Properties of the parameter object
  • radius: number. If the progressPie plug-in draws a simple pie chart (i.e. option ringWidth is undefined), this is the radius of the pie minus the strokeWidth of the surrounding circle. If ringWidth is set, this is the pie radius minus ringWidth, i.e. the radius of the free space inside the ring. Your content plug-in should base the size of the content it draws on this value.
  • totalRadius: number. This is the overall radius of the whole pie or ring graph including the outer circle stroke. This equals half the width and height of the generated SVG.
  • color: string (color code). By default this is exaclty the color of the pie/ring chart, unless the contentPluginOptions object overrides this.
    Please Note: In CSS mode (Mode.CSS), this may be undefined: The default color is undefined in CSS mode, and if the caller does not add a color option to the contentPluginOptions, it will be left undefined. This case can be queries via the isCssMode() method (see above): It returns true, if (and only if) typeof color !== 'string'.
    Your content plug-in should support a CSS mode: If color is undefined (or isCssMode()), then it should avoid adding color styles (like stroke or fill) or only add them as SVG attributes, but not as inline CSS inside a style attribute. At least in this case (or better always) it should add a CSS class attribute to the generated content, enabling the user to easily define colors (and even more) in an external CSS stylesheet, just like the original ProgressPieSVG plug-in does (see examples.html's section on the CSS mode).
  • precentValue: number. The value in 0..100 depicted by the progressPie chart.

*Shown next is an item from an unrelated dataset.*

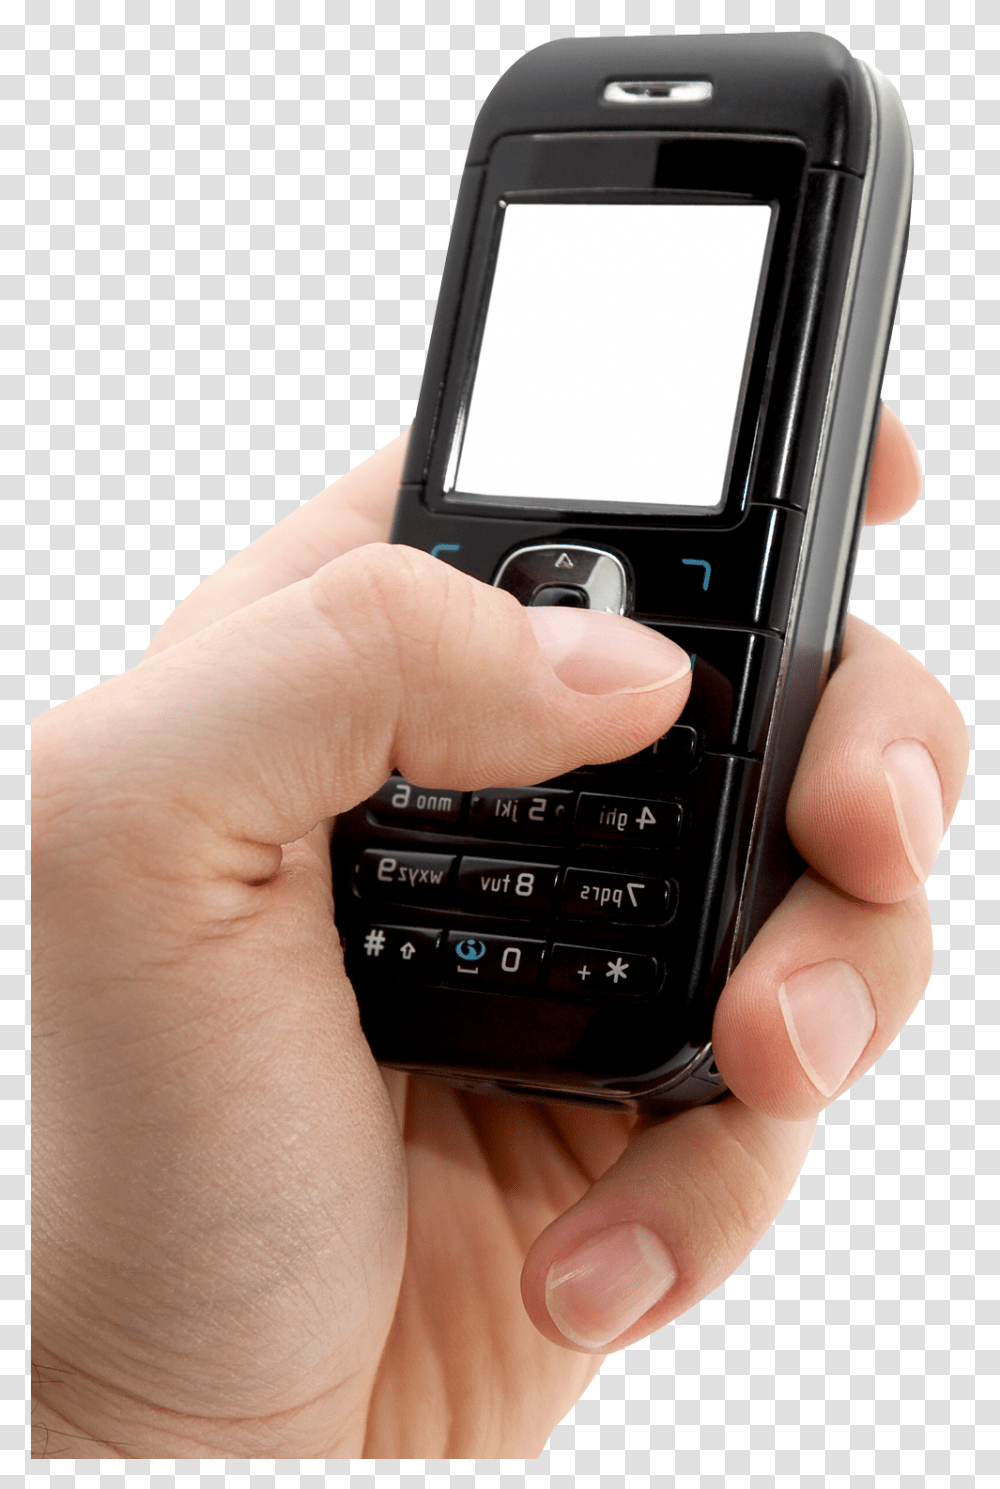 Phone In Hand Image Mobile, Mobile Phone, Electronics, Cell Phone, Person Transparent Png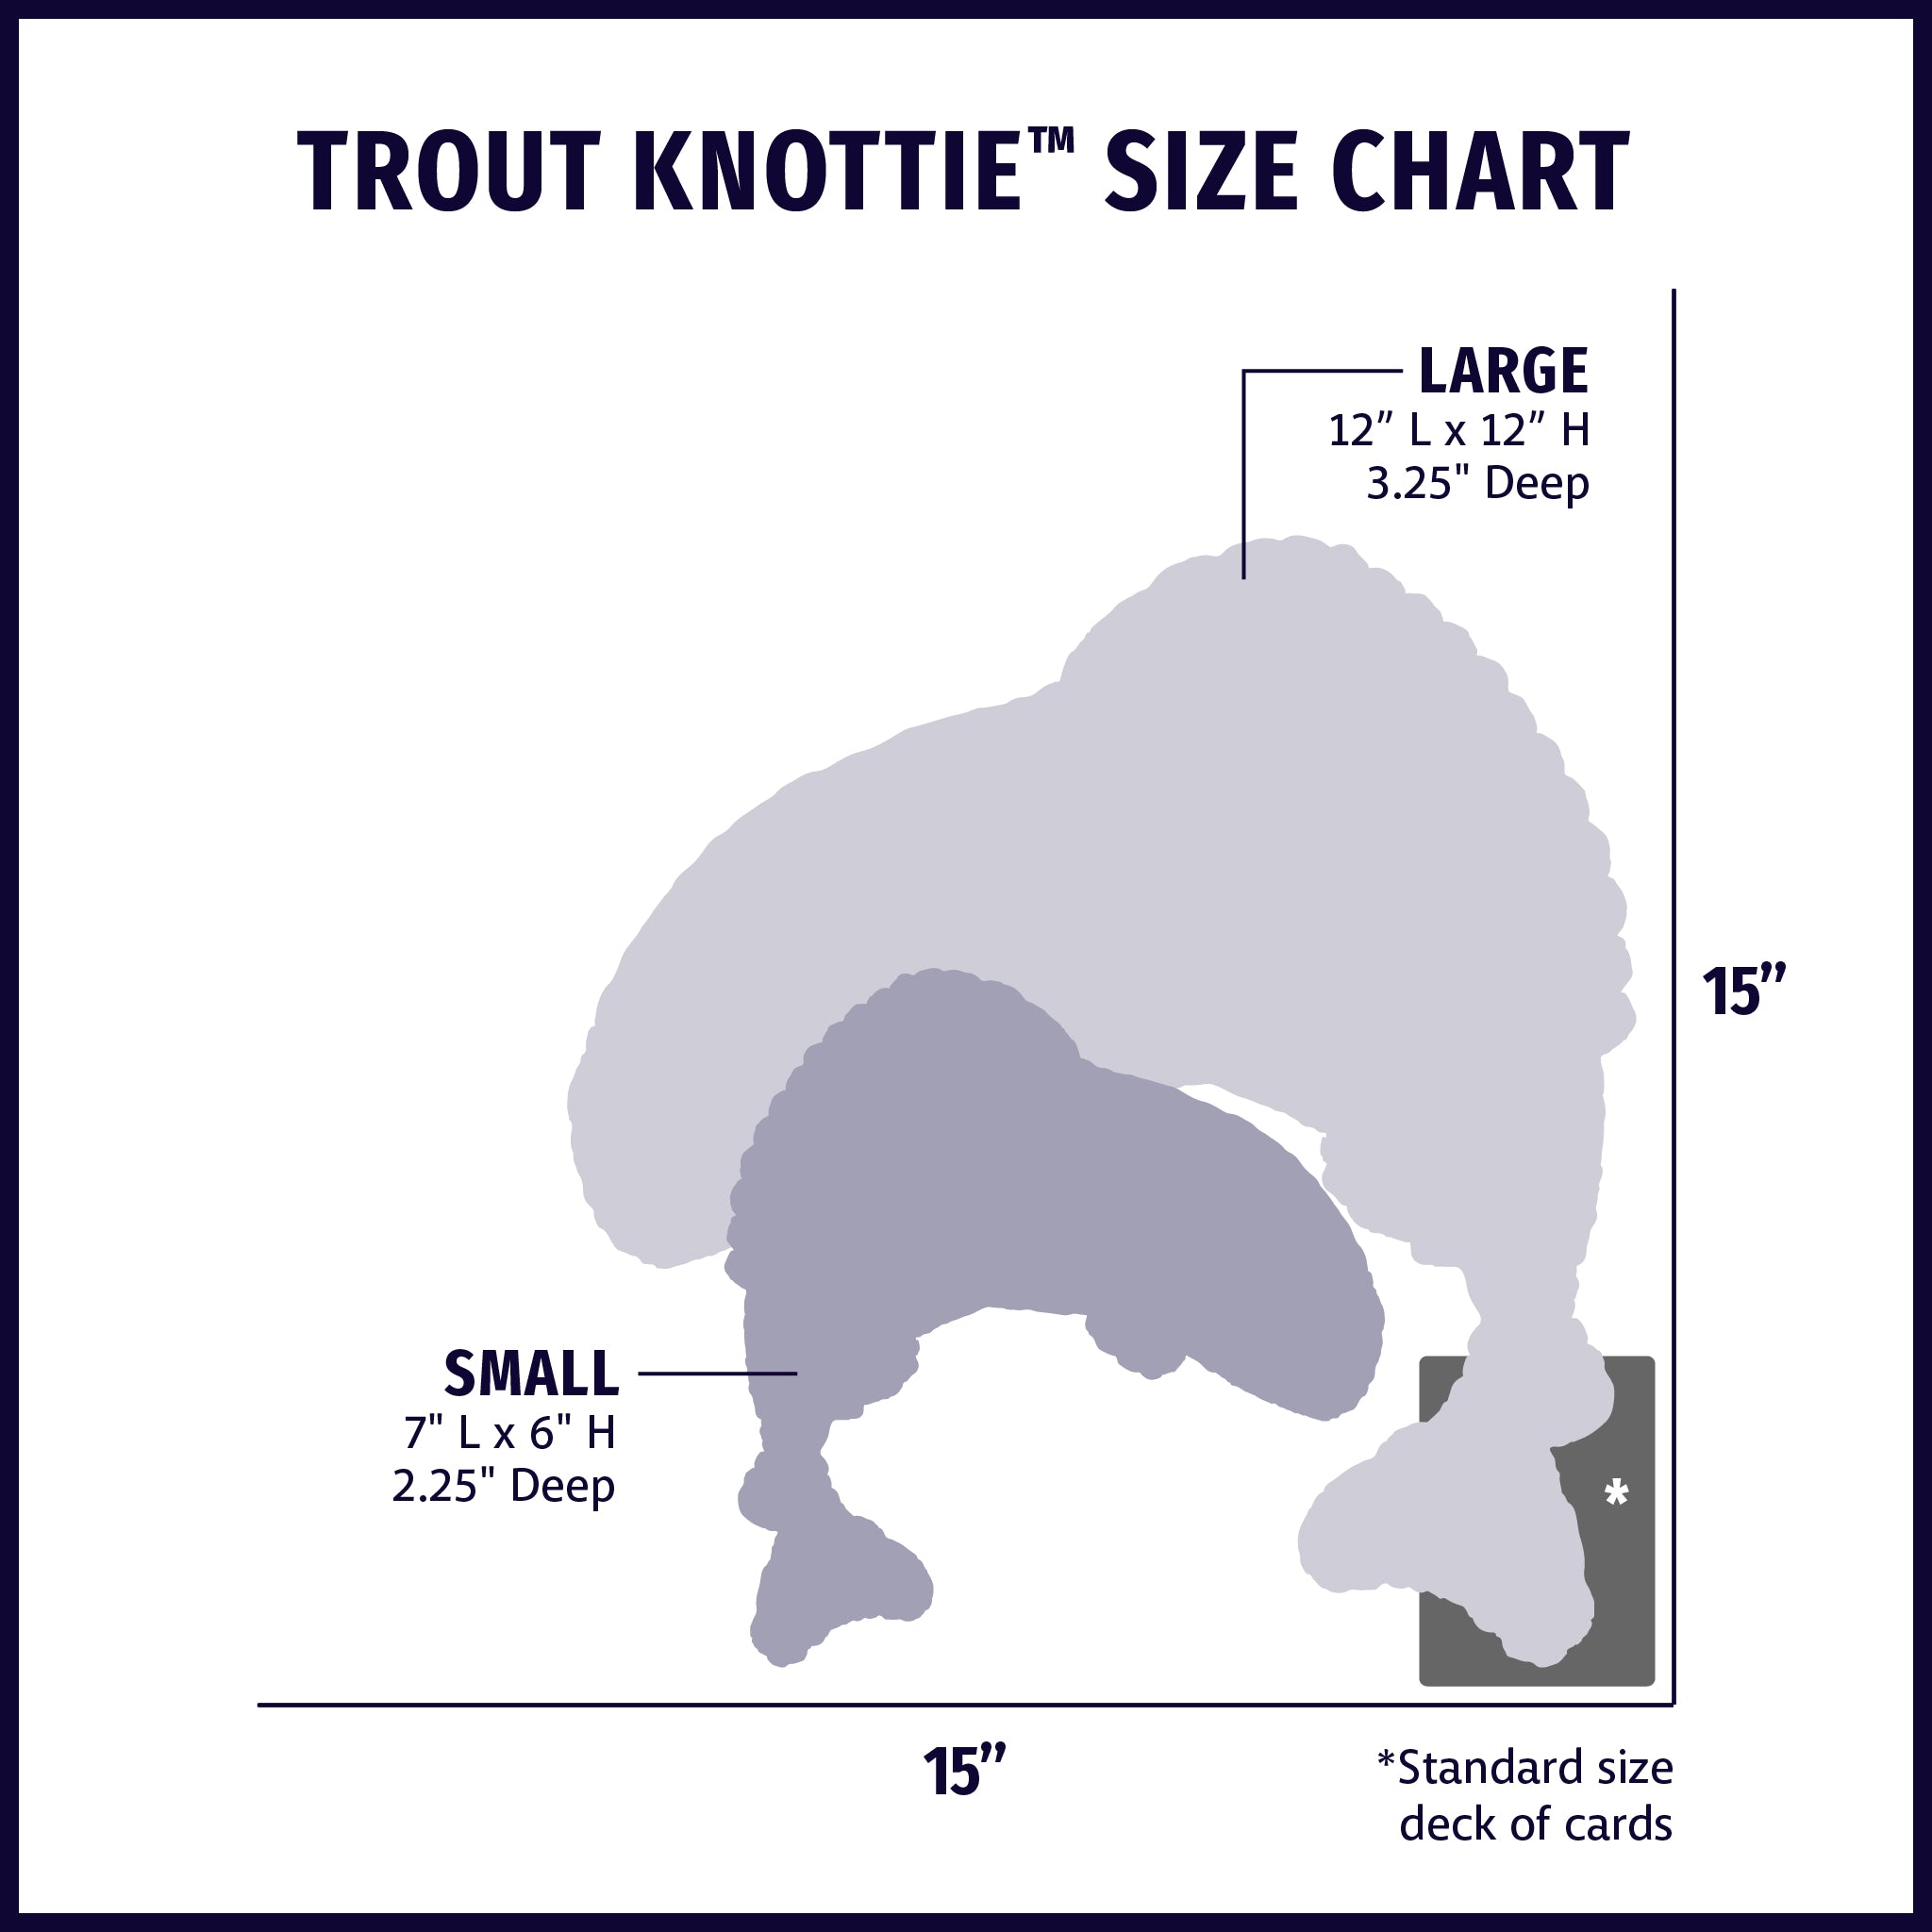 Size chart displaying Trout Knottie® plush dog toy silhouettes in small and large with approximate dimensions of each size compared to standard size deck of cards.

  • rawValue: string. The raw string defining the value of the pie chart. This may be a percent number or any other value which gets converted into a percent value by a valueAdapter function, see above.
  • pieOpts: object. A reference to the original options object the user passed to the progressPie plug-in. Inside this object you can find, for example, the ringWidth or the strokeWidth option for the outer circle of the pie chart, in case your content plug-in wishes to adapt its own content to some of these pie styles.
    Methods of pieOpts:
    • getPadding: function({0..3}): The method evaluates the padding property of pieOpts, which can be a number (default 0) or an array of up to four numbers. This method retrieves all four paddings—top, right, bottom and left—from that property, in that order. That means: getPadding(0) returns the setting for the top padding in pixels, getPadding(1) returns the right padding, getPadding(2) the bottom padding and getPadding(3) the setting for the left padding in pixels.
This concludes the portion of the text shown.